All that belongs in the answer is the lines from the one containing "The more we give, the" to the end of the listing below, copied exactly, pictures excluded.
── DATASET EXTRACT ──
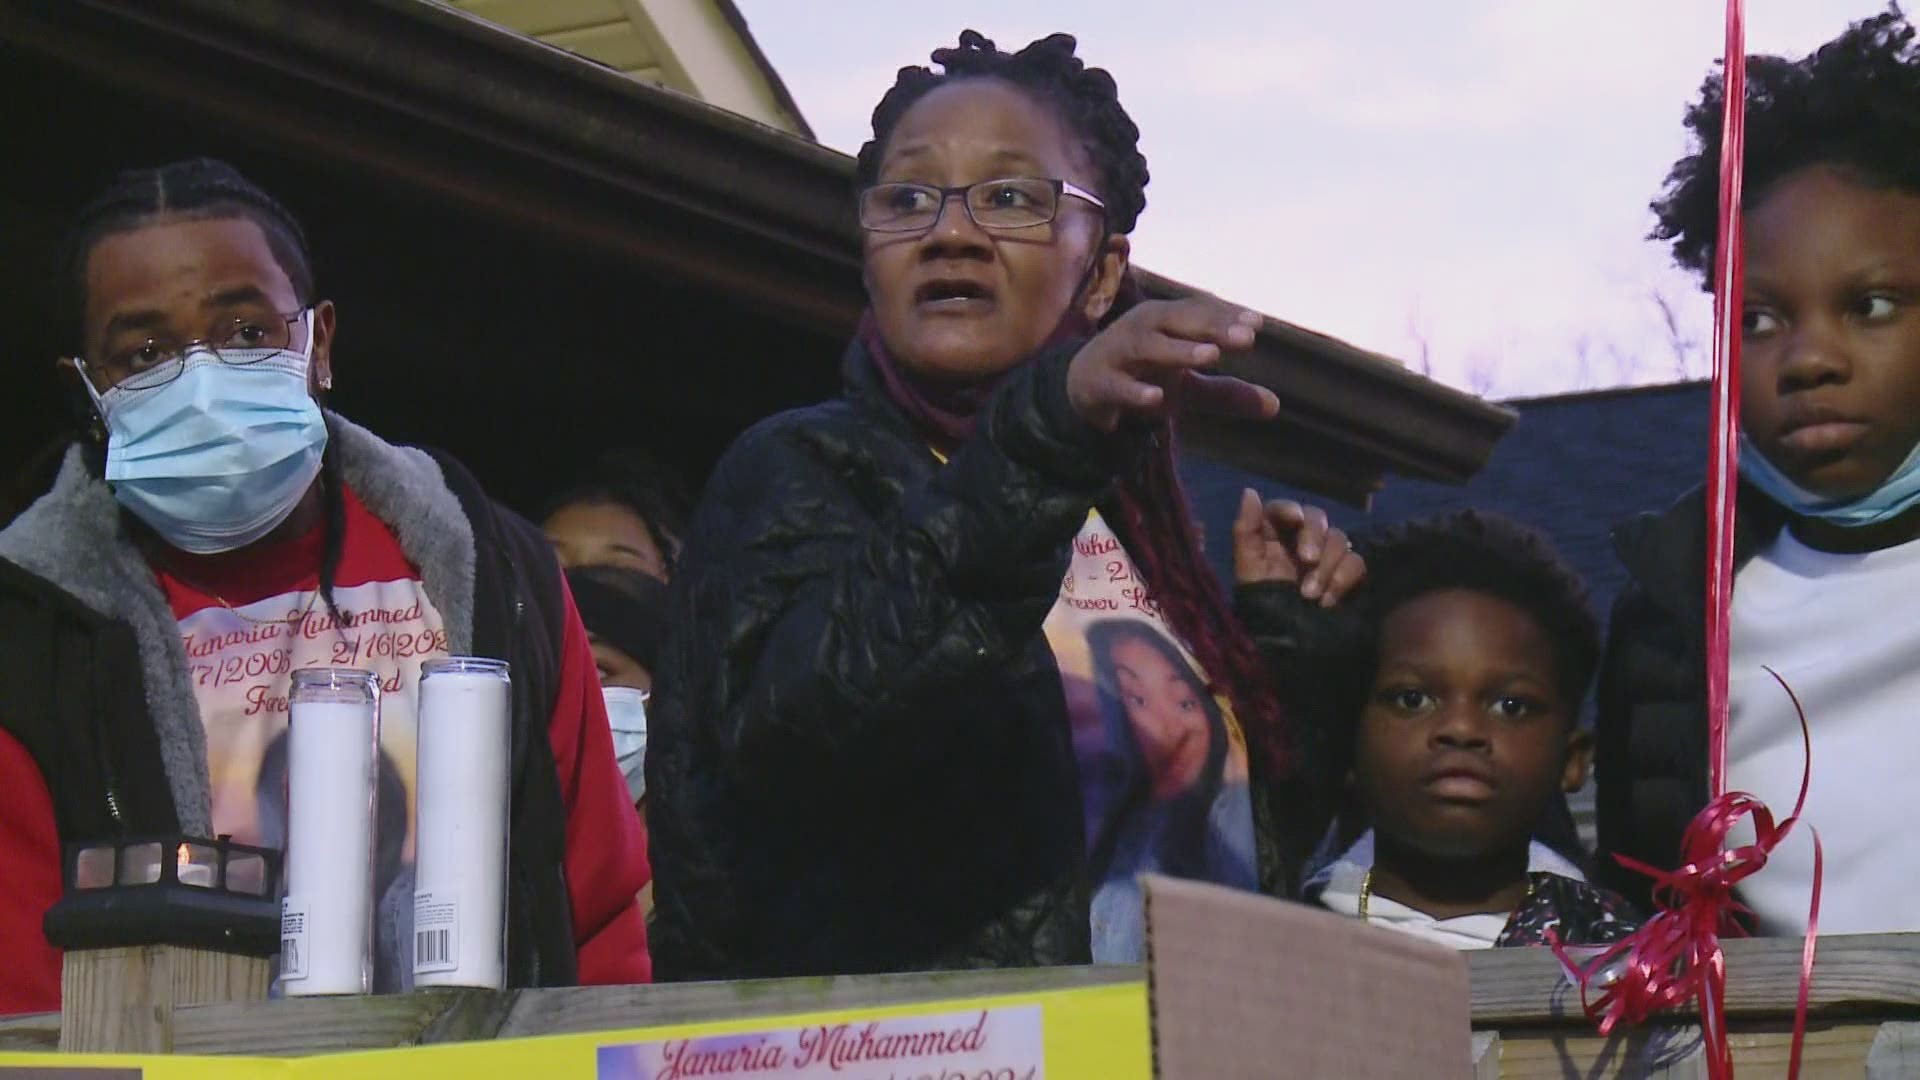 Family, friends and the community paid tribute to 15-year-old Janaria Muhammad, who was shot and killed Tuesday night.
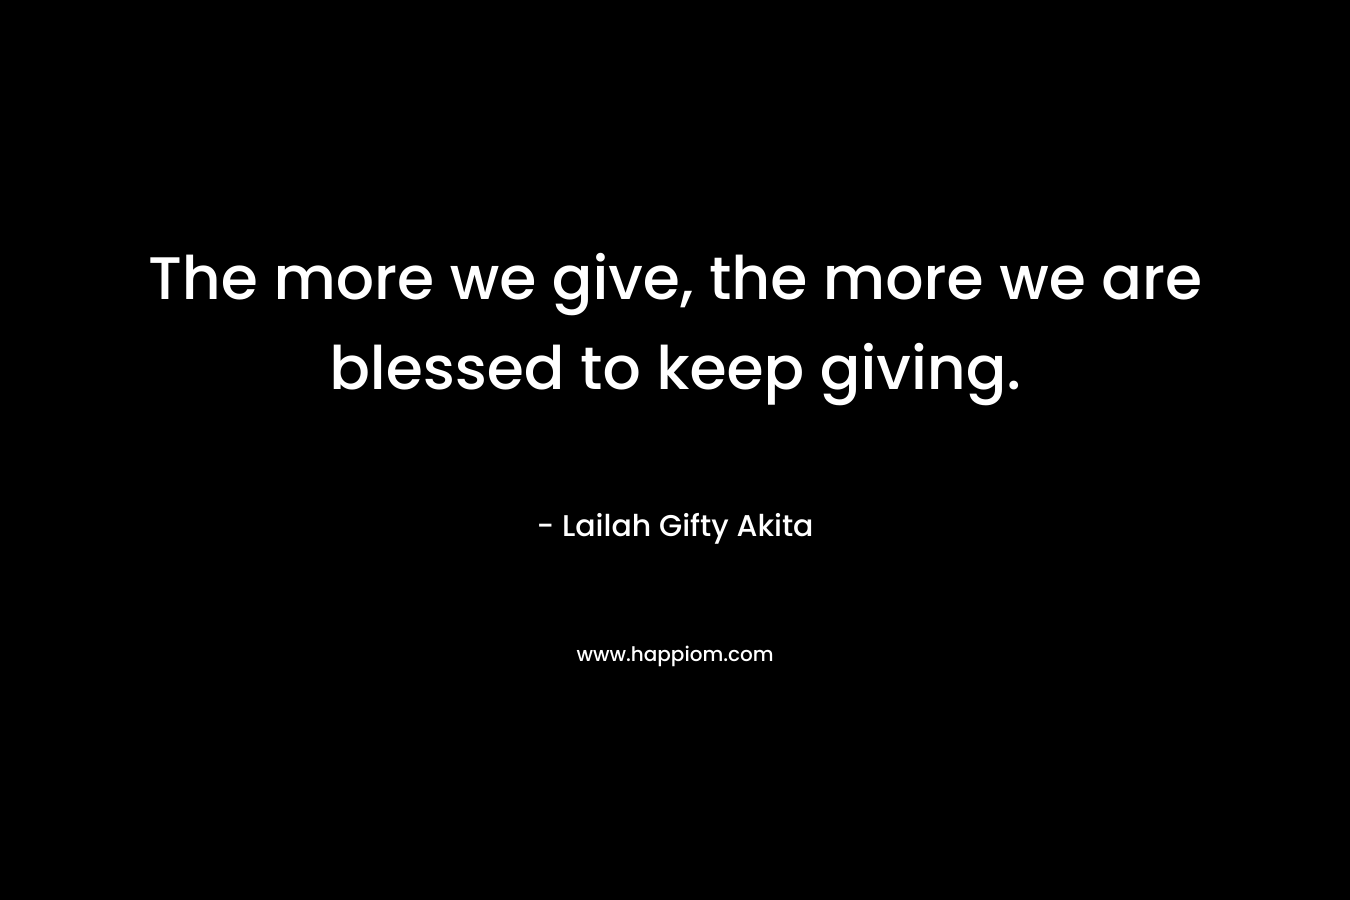 The more we give, the more we are blessed to keep giving.
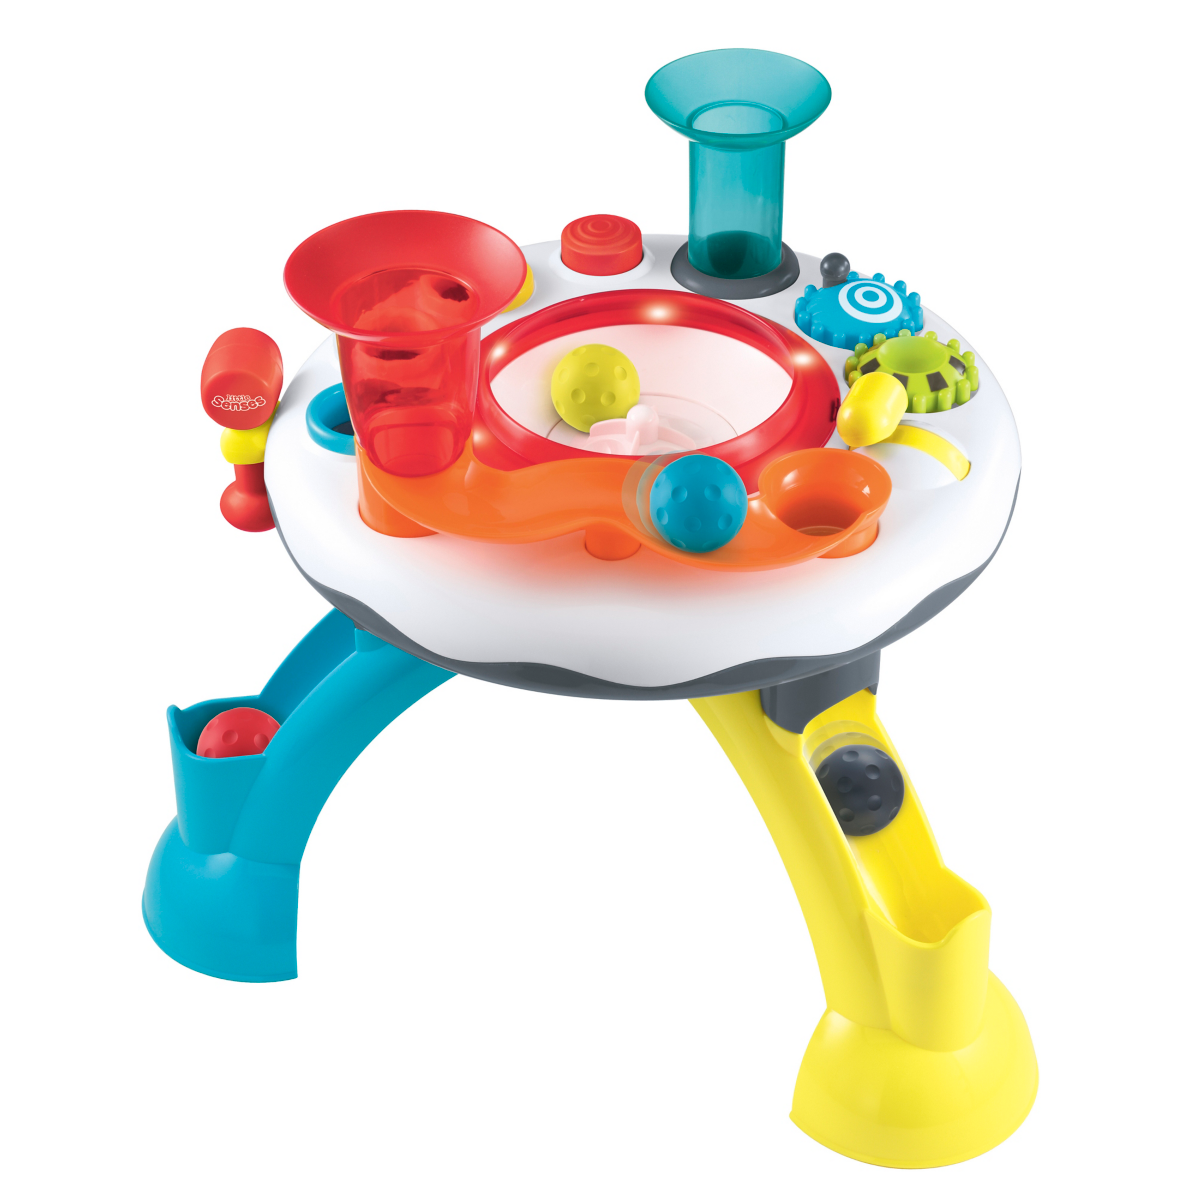 Little Senses Lights and Sounds Activity Table | Early Learning Centre
───
THE COMPLETED TASK:
 The more we give, the more we are blessed to keep giving.
 Little Senses Lights and Sounds Activity Table | Early Learning Centre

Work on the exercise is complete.